The spiritual weapon can be moved anywhere within the spell's range.

Hope you are enjoying the book!
Matt


Here's another one: The Daylight spell states that "Daylight brought into an area of magical darkness (or vice versa) is temporarily negated, regardless of the spell level of the magical darkness’s source."

It then says that "Daylight counters or dispels any darkness spell of equal or lower level, such as darkness."

The latter would seem to supersede the former.

Additionally, the Darkness spell states that "magical light sources only increase the light level in an area if they are of a higher spell level than darkness." This also seems to contradict the first statement.

Dark Archive

Beverly Block wrote:

Here's another one: The Daylight spell states that "Daylight brought into an area of magical darkness (or vice versa) is temporarily negated, regardless of the spell level of the magical darkness’s source."

It then says that "Daylight counters or dispels any darkness spell of equal or lower level, such as darkness."

The latter would seem to supersede the former.

Additionally, the Darkness spell states that "magical light sources only increase the light level in an area if they are of a higher spell level than darkness." This also seems to contradict the first statement.

Daylight can counter or dispel darkness in the same way that slow can counter haste. (See page 322 of the Core Rulebook.) So, in the second sense, it mean "counter" in the sense of "counterspell."


M Morris wrote:
Beverly Block wrote:

Here's another one: The Daylight spell states that "Daylight brought into an area of magical darkness (or vice versa) is temporarily negated, regardless of the spell level of the magical darkness’s source."

It then says that "Daylight counters or dispels any darkness spell of equal or lower level, such as darkness."

The latter would seem to supersede the former.

Additionally, the Darkness spell states that "magical light sources only increase the light level in an area if they are of a higher spell level than darkness." This also seems to contradict the first statement.

Daylight can counter or dispel darkness in the same way that slow can counter haste. (See page 322 of the Core Rulebook.) So, in the second sense, it mean "counter" in the sense of "counterspell."

I think you meant page 332. :-)

Okay, so if I cast daylight on an object and carry it into an area of magical darkness, it's negated, but if I'm in darkness when I cast it then the darkness is dispelled.
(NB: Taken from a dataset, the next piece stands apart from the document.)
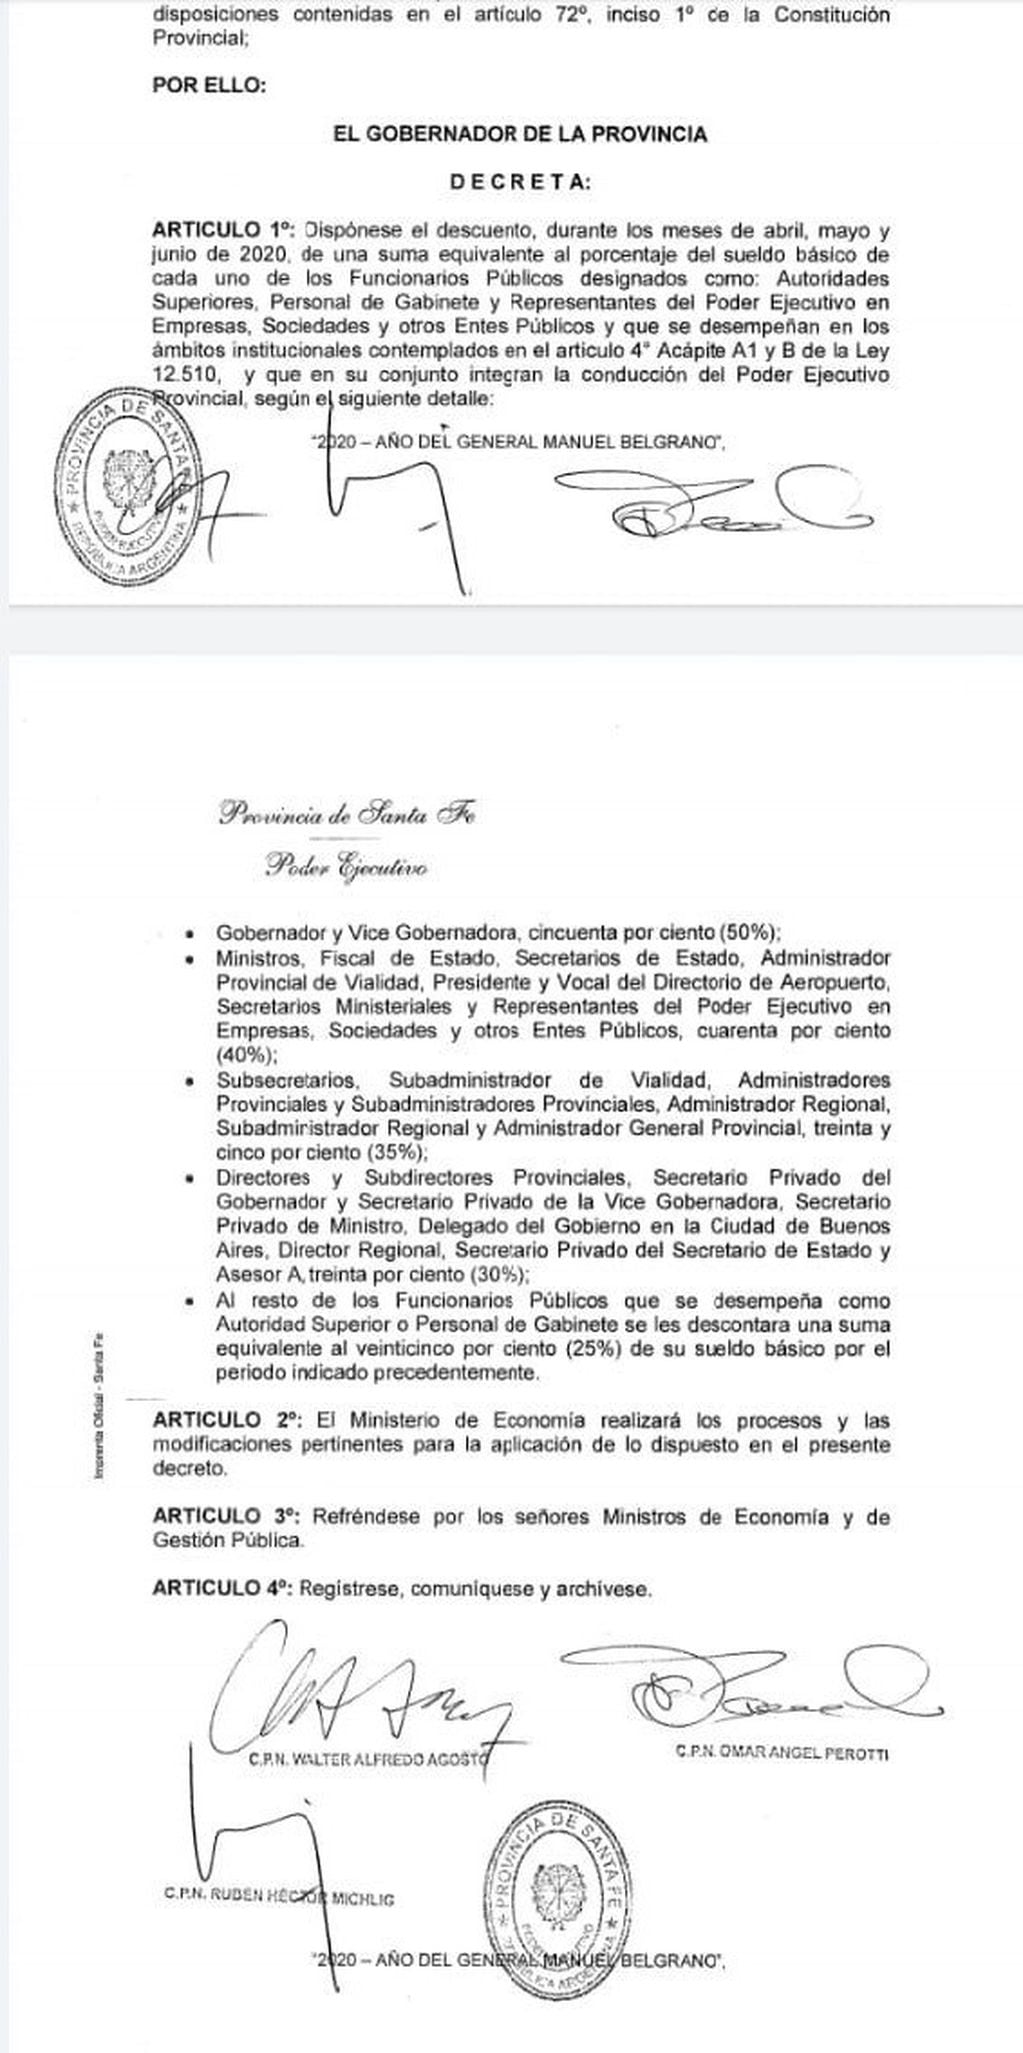 El decreto de Perotti.

Or if I have it readied (unlikely), then I can use it to counter and disrupt the darkness.

Sorry if these are basic questions. Between the 2 books, there's a lot of material to absorb! I've played 5th edition D&D, but not Pathfinder.

Dark Archive

Beverly Block wrote:
M Morris wrote:
Beverly Block wrote:

Here's another one: The Daylight spell states that "Daylight brought into an area of magical darkness (or vice versa) is temporarily negated, regardless of the spell level of the magical darkness’s source."

It then says that "Daylight counters or dispels any darkness spell of equal or lower level, such as darkness."
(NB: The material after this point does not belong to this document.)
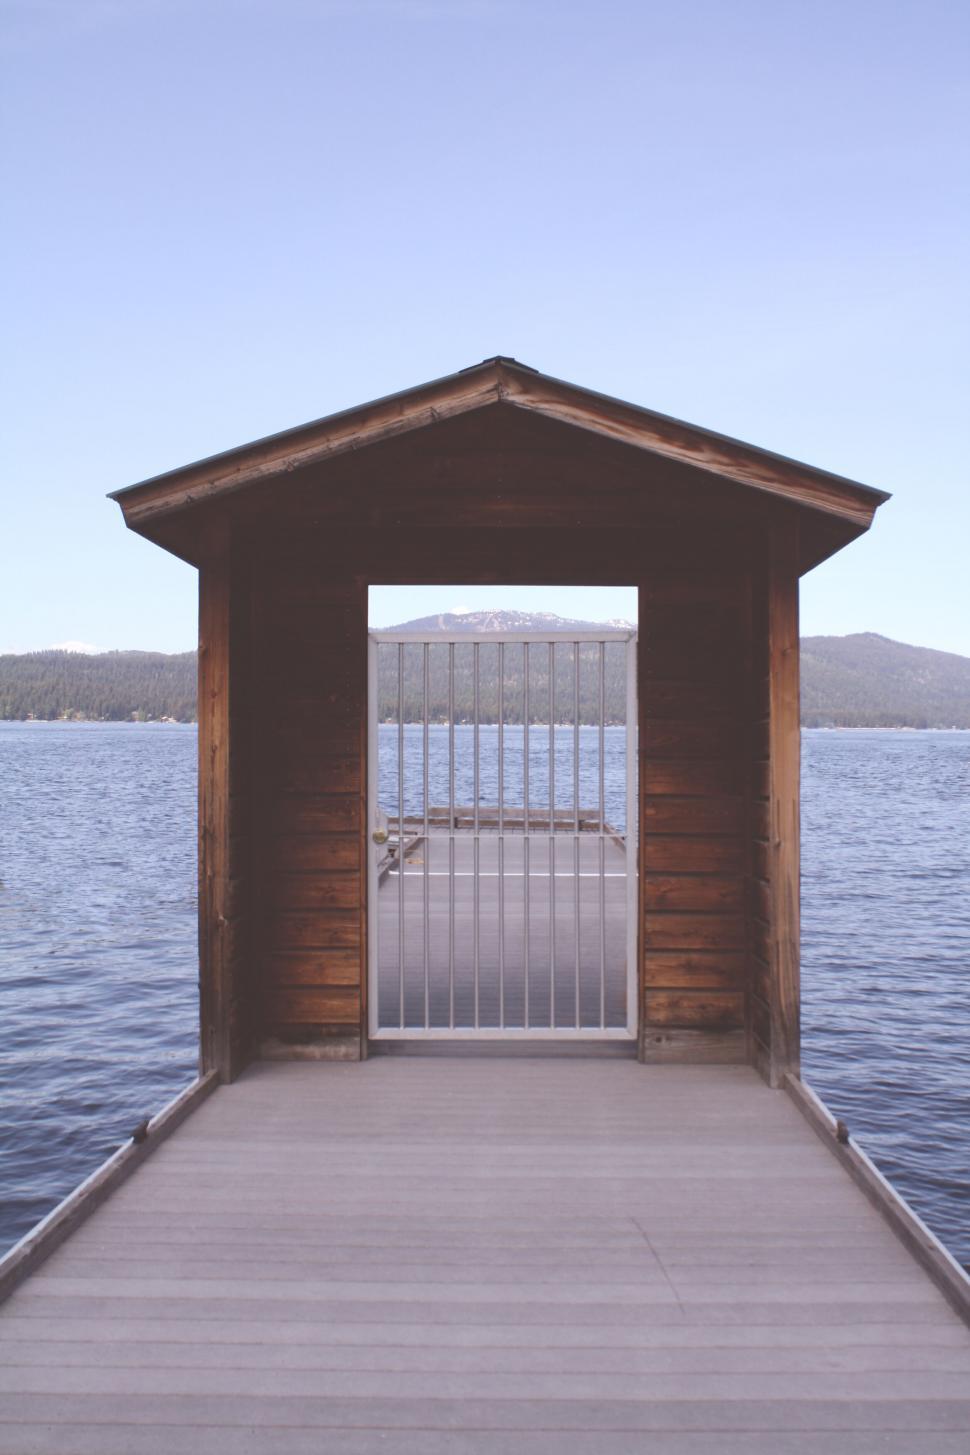 Free Image of Cabin doorway framing a lake view

The latter would seem to supersede the former.

Additionally, the Darkness spell states that "magical light sources only increase the light level in an area if they are of a higher spell level than darkness." This also seems to contradict the first statement.

Daylight can counter or dispel darkness in the same way that slow can counter haste. (See page 322 of the Core Rulebook.) So, in the second sense, it mean "counter" in the sense of "counterspell."
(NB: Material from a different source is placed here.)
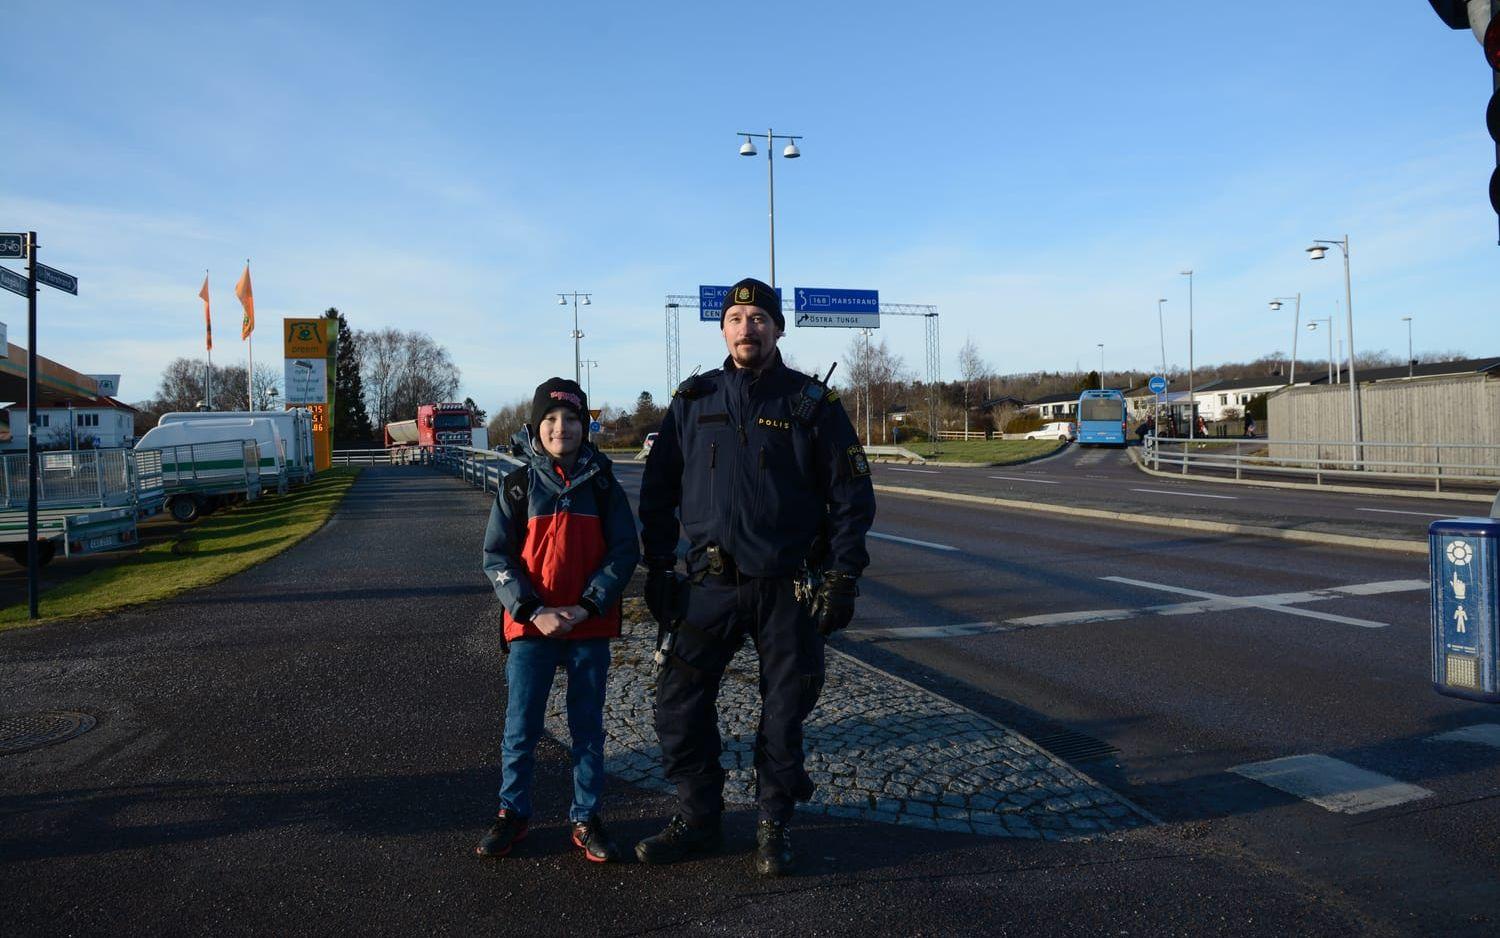 Polisinspektören Joakim Morin och hans kollegor var på plats vid rödljuset och hade tagit en bilist som kört mot rött. Bild: Karina Hansson

I think you meant page 332. :-)

Okay, so if I cast daylight on an object and carry it into an area of magical darkness, it's negated, but if I'm in darkness when I cast it then the darkness is dispelled. Or if I have it readied (unlikely), then I can use it to counter and disrupt the darkness.

Sorry if these are basic questions. Between the 2 books, there's a lot of material to absorb! I've played 5th edition D&D, but not Pathfinder.

No need to apologize! Daylight works 3 ways, as you've guessed.

1) If you bring the object that you've cast daylight on into an area of magical darkness, it negates it.

2) You can ready a casting of daylight to counterspell darkness.

3) If you cast daylight on an object that has darkness cast on it, it dispels the darkness. (This is usually a little challenging, since daylight is a touch-range spell.)